INPUT MATERIAL:
+++

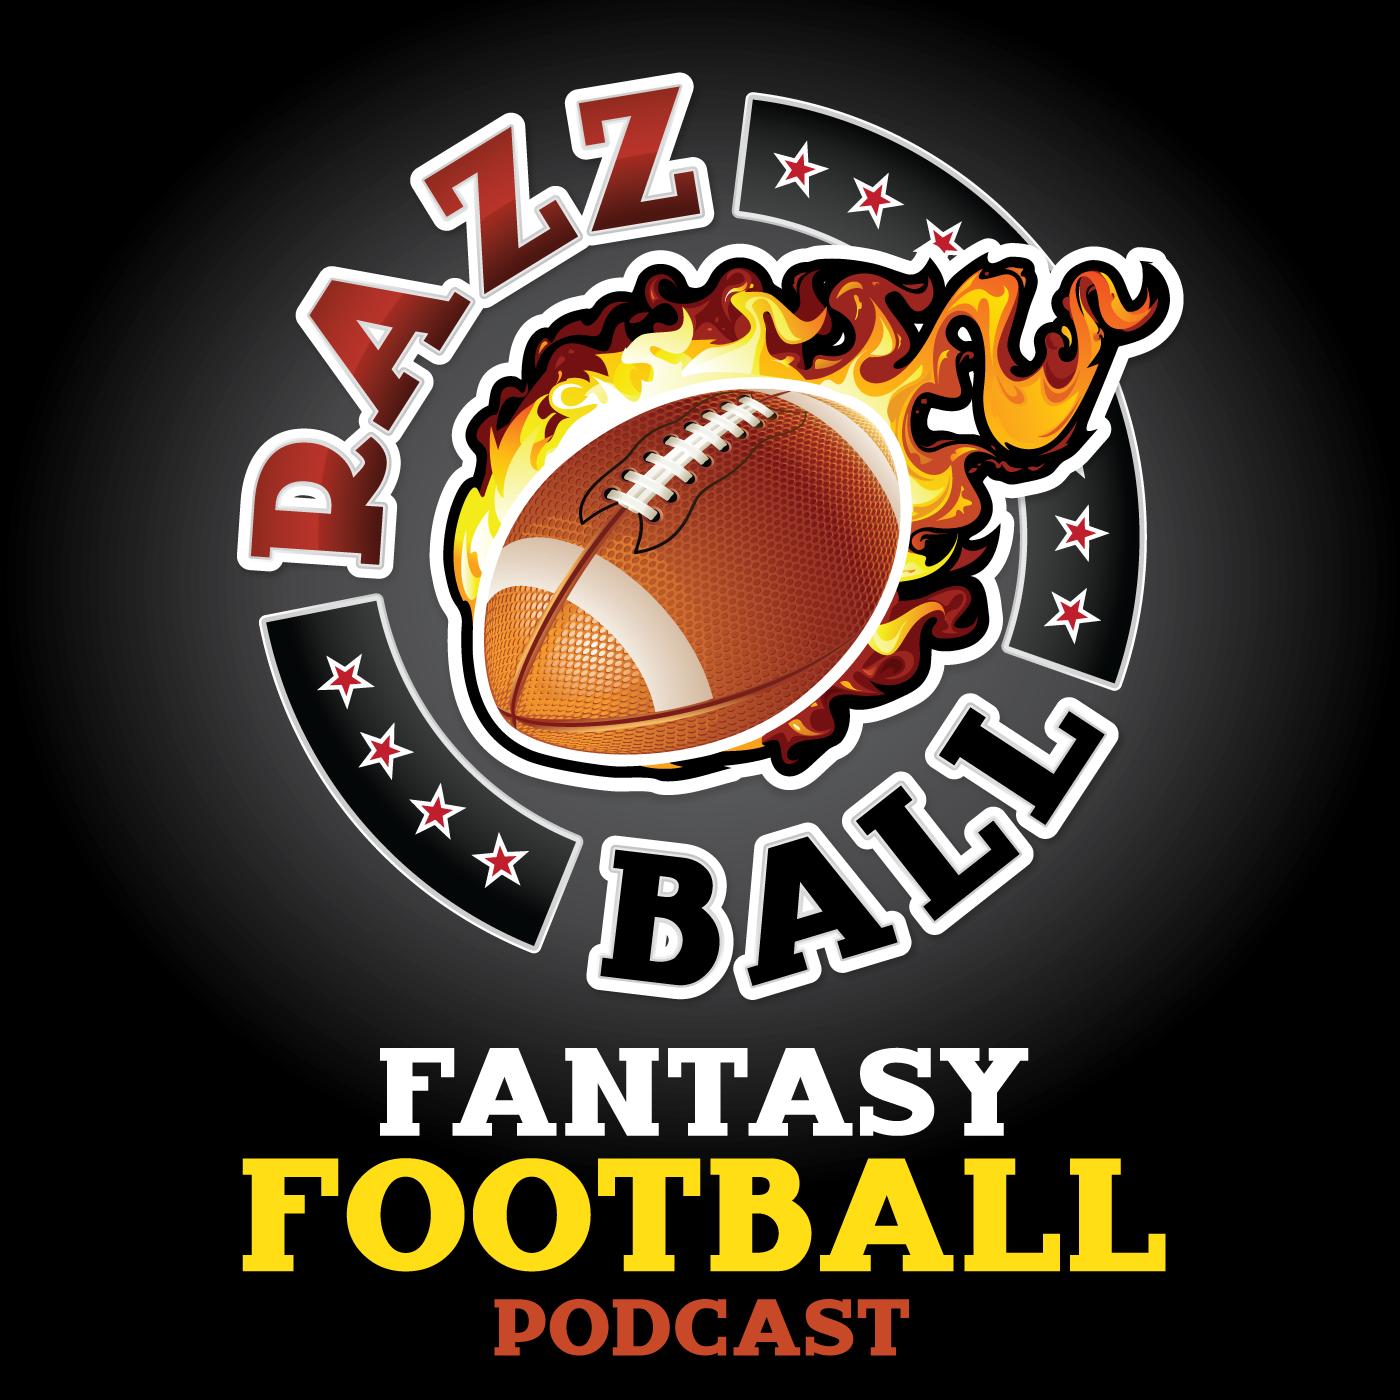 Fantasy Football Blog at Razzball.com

+++

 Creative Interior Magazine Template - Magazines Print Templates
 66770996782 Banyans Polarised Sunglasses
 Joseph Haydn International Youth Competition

+++

YOUR GOAL:
Within the material above, output exactly the lines from the one with "66770996782 Banyans Polarised Sunglasses" through the one with "Joseph Haydn International Youth Competition", end lines included, and nothing besides.

WRITTEN REPLY:
 66770996782 Banyans Polarised Sunglasses
 Joseph Haydn International Youth Competition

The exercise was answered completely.